In Section 1.7 of Parametrized Homotopy Theory by May and Sigurdsson it is stated that the smash product of pointed topological spaces is not associative (which is just another hint that $\mathrm{Top}$ is the "wrong category"). Specifically, they claim that $\mathbb{N} \wedge (\mathbb{Q} \wedge \mathbb{Q})$ is not isomorphic to $(\mathbb{N} \wedge \mathbb{Q}) \wedge \mathbb{Q}$ in $\mathrm{Top}_*$. But actually they just prove that the canonical bijection $\mathbb{N} \wedge (\mathbb{Q} \wedge \mathbb{Q}) \to (\mathbb{N} \wedge \mathbb{Q}) \wedge \mathbb{Q}$ is not an isomorphism.
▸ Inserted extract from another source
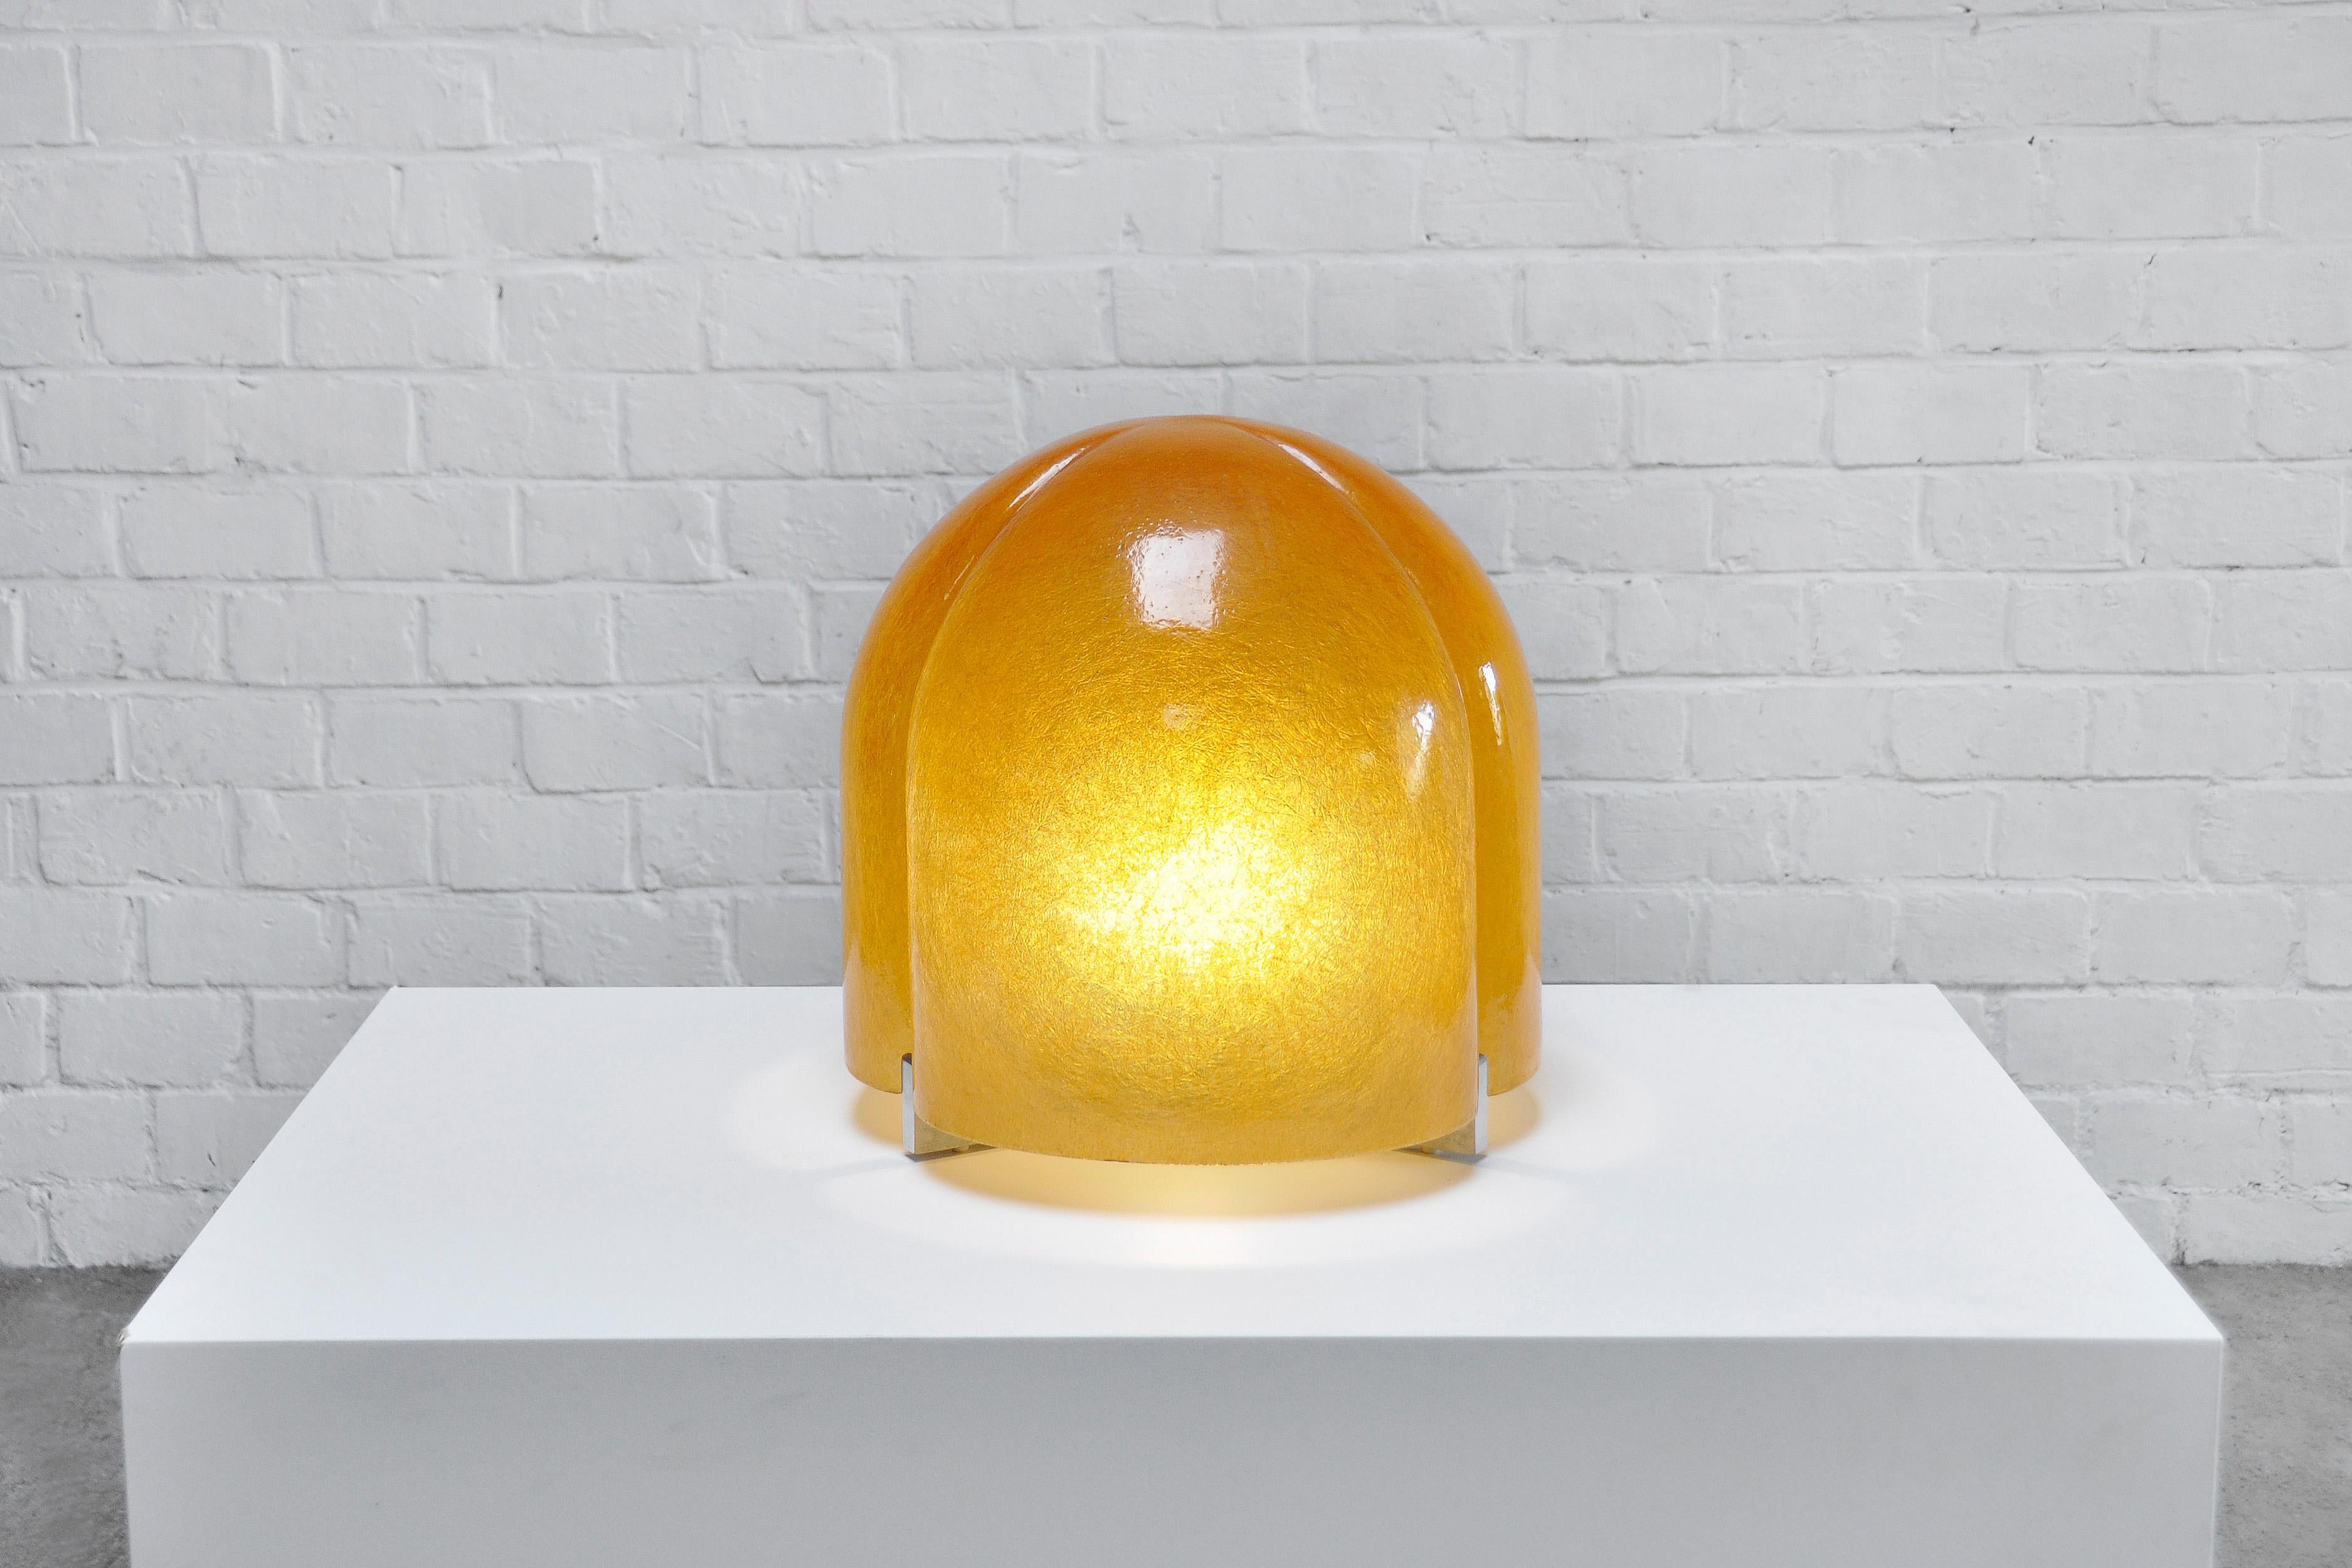 Lampe-objet 'Tricia' de Salvatore Gregorietti pour Valenti, Italie, années 1960. La lampe présente un abat-jour en résine sur une base en métal. La coquille en résine émet une lumière diffuse et douce, ce qui en fait une belle pièce maîtresse. Peut
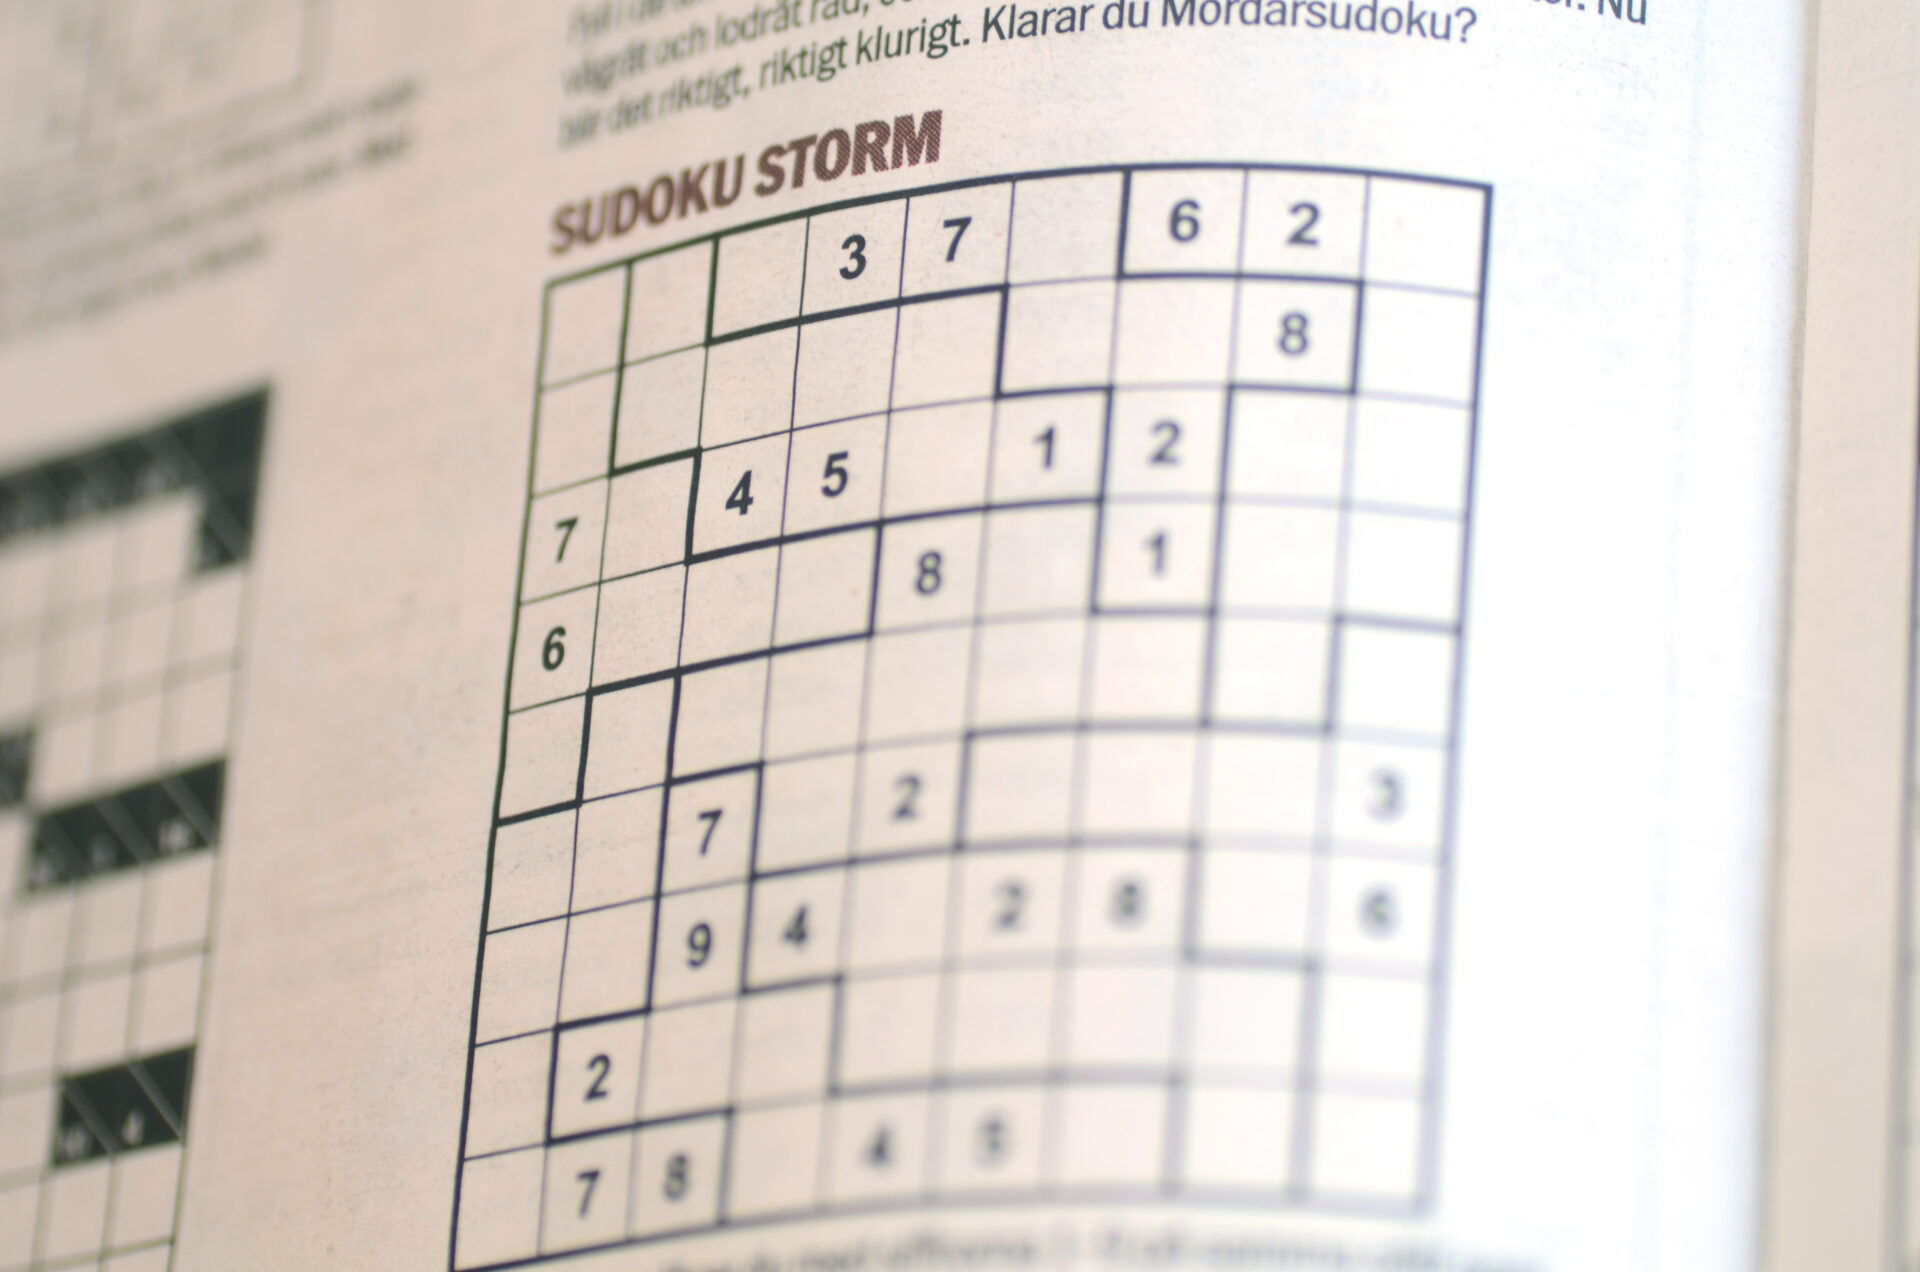 Sudoku Storm

Equivalently, there is no isomorphism in the slice category $(\mathbb{N} \times \mathbb{Q} \times \mathbb{Q}) / \mathrm{Top}_*$. Therefore, my question is as follows:

How to prove that there is no isomorphism between $\mathbb{N} \wedge (\mathbb{Q} \wedge \mathbb{Q})$ and $(\mathbb{N} \wedge \mathbb{Q}) \wedge \mathbb{Q}$ in $\mathrm{Top}_*$?

I had asked the same question on math.SE.